__The problem__:
Exercise in exact copying: restate word for word only the lines below from the one containing "évi képviselői tiszteletdíj" through the one containing "с термотрансфером орла", omitting any pictures.

__Dataset excerpts__:
###
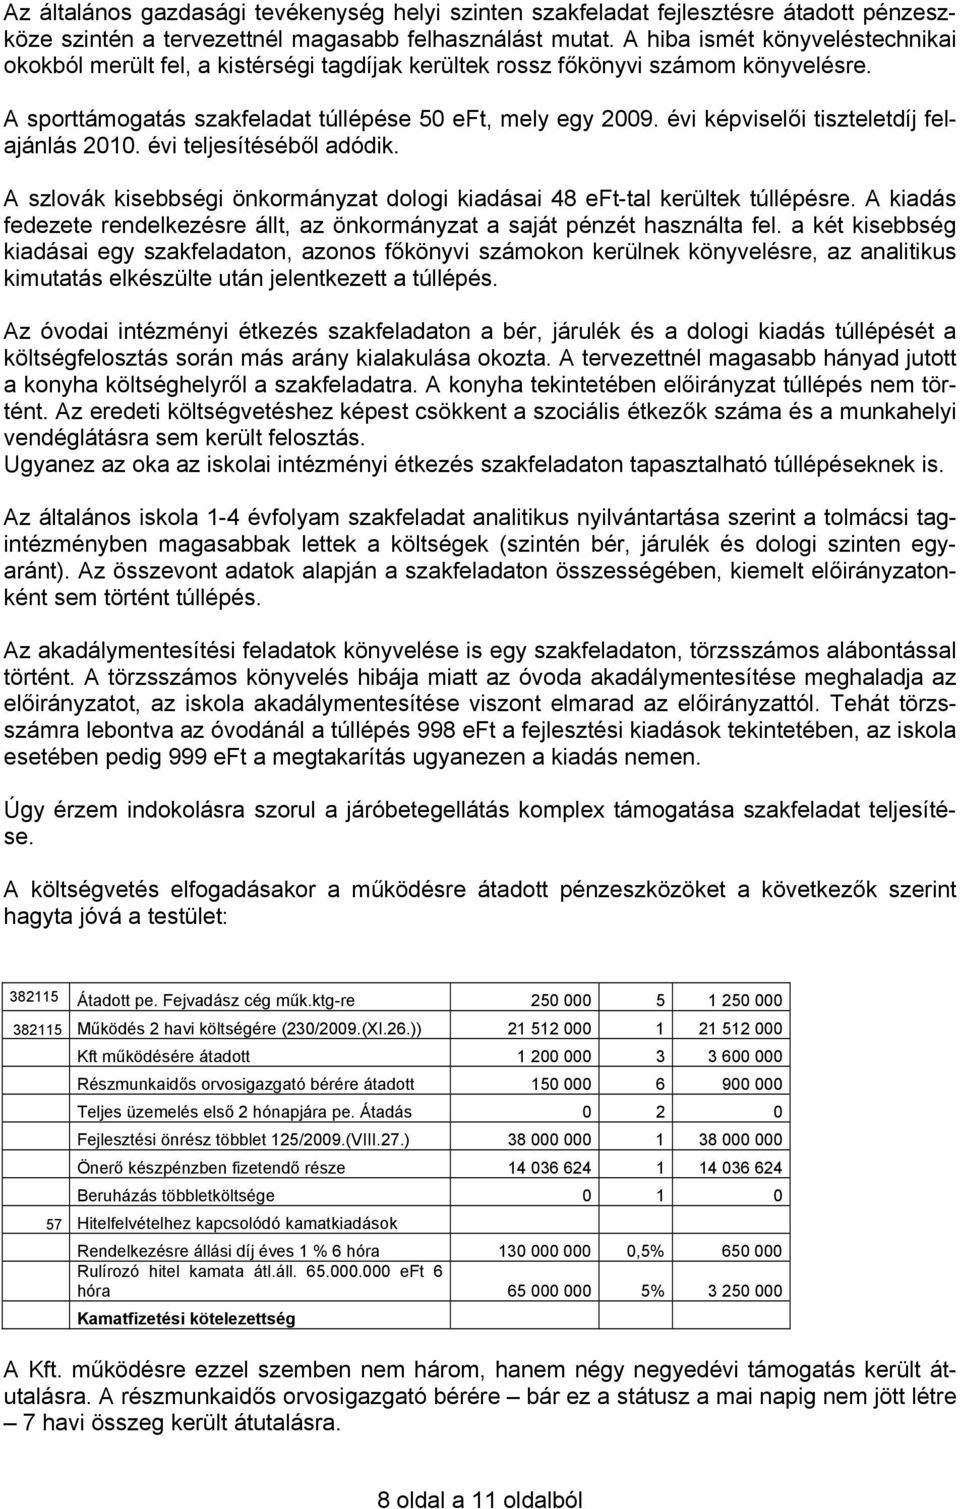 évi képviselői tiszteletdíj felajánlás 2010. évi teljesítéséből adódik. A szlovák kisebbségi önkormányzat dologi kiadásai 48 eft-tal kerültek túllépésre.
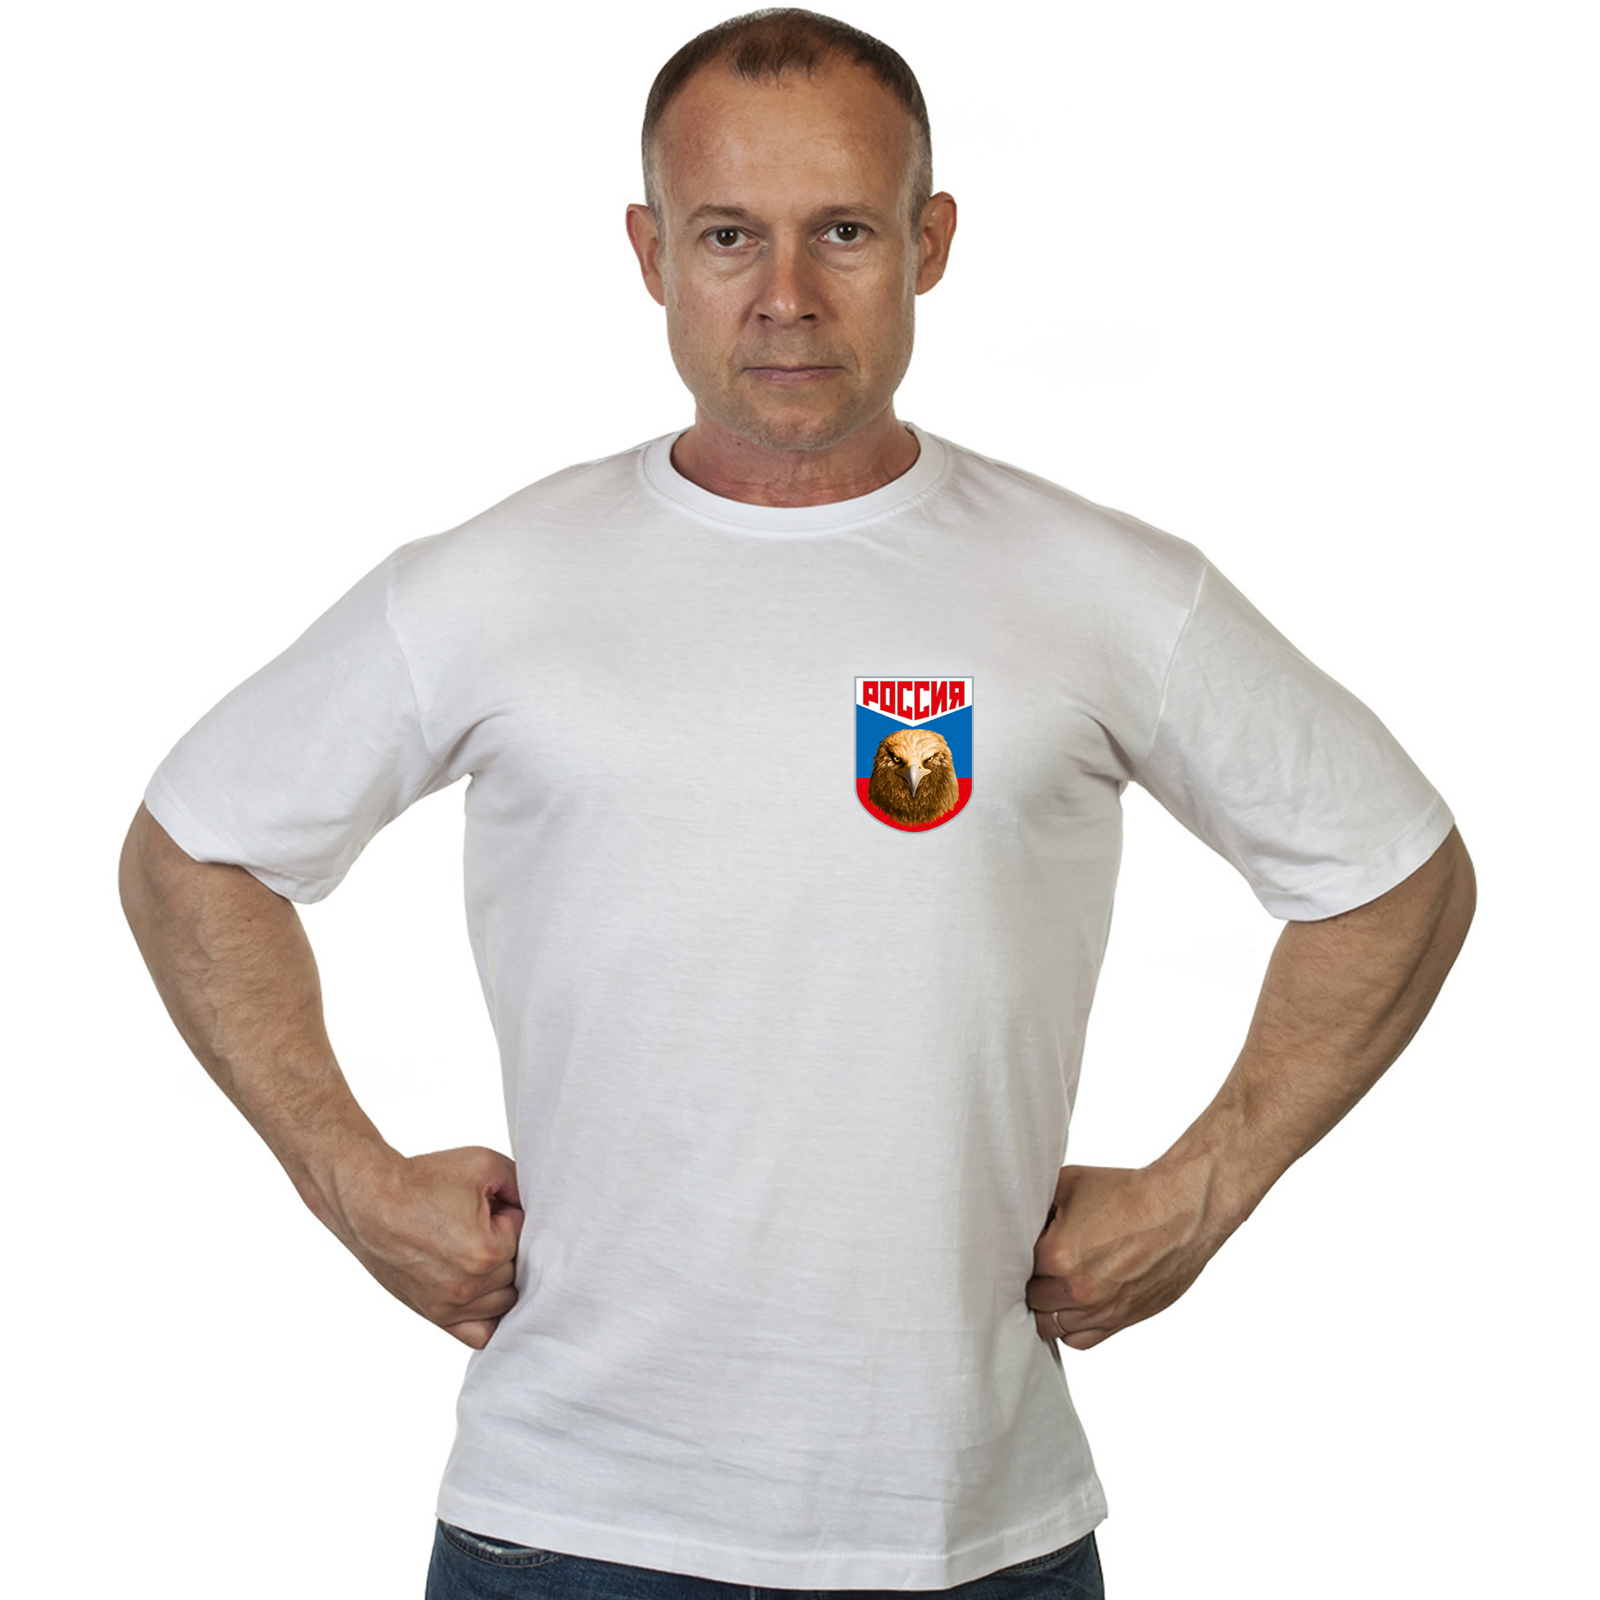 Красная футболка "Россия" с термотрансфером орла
###
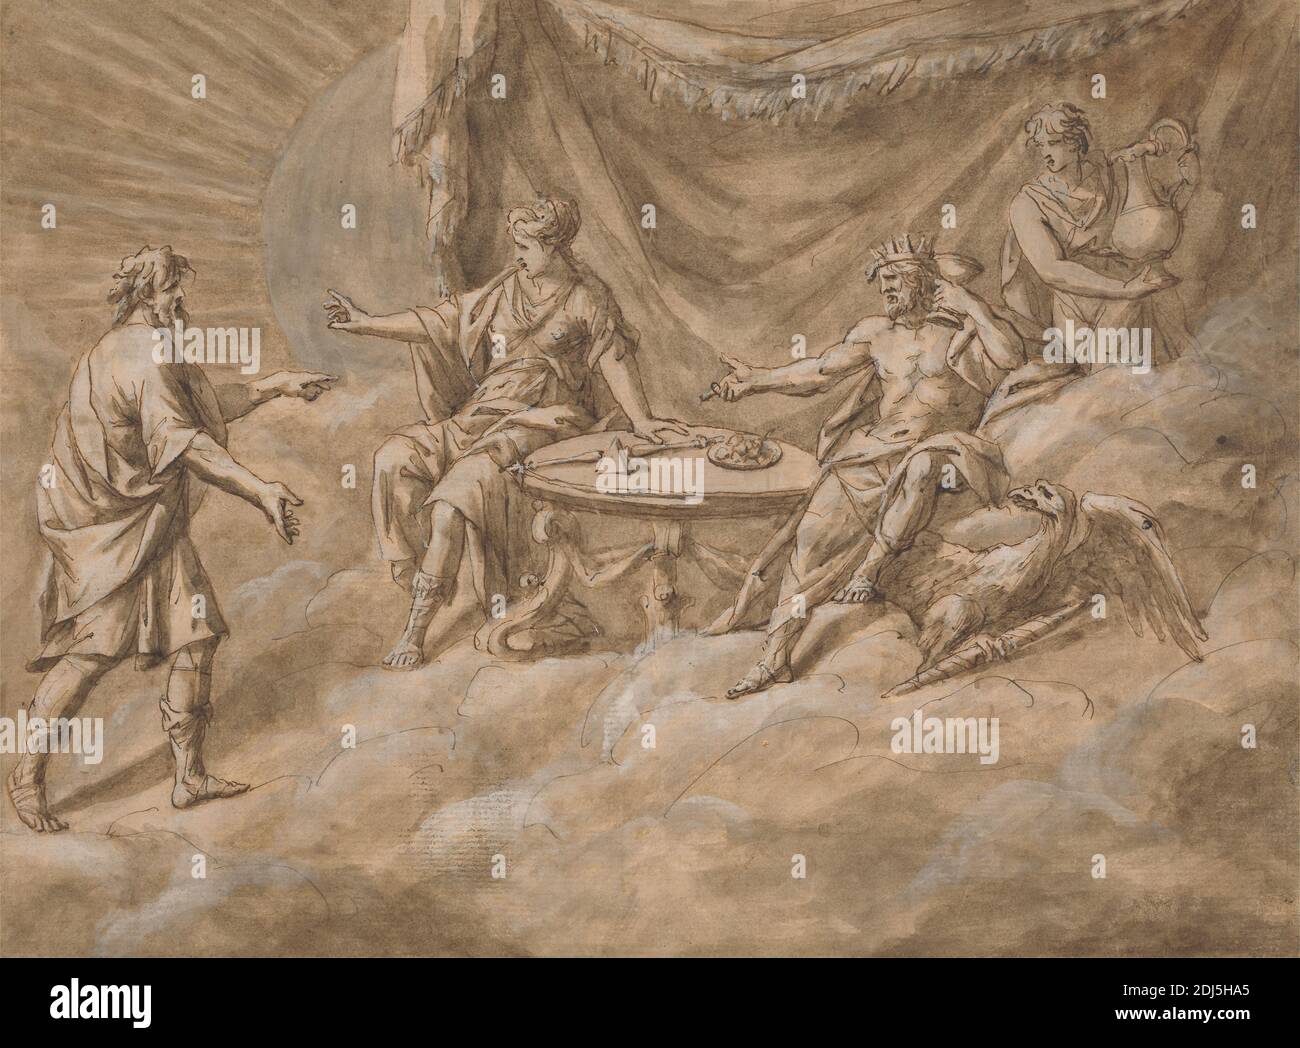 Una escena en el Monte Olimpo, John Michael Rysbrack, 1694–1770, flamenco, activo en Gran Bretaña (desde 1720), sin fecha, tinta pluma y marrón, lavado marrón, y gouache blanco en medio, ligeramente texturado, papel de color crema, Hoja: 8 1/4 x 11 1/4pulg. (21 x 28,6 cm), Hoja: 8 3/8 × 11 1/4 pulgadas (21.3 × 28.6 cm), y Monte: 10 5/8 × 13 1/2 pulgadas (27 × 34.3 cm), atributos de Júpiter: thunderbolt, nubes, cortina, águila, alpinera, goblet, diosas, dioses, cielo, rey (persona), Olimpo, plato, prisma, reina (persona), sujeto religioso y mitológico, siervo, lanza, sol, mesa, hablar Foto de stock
###
__Answer__:
 évi képviselői tiszteletdíj felajánlás 2010. évi teljesítéséből adódik. A szlovák kisebbségi önkormányzat dologi kiadásai 48 eft-tal kerültek túllépésre.
 Красная футболка "Россия" с термотрансфером орла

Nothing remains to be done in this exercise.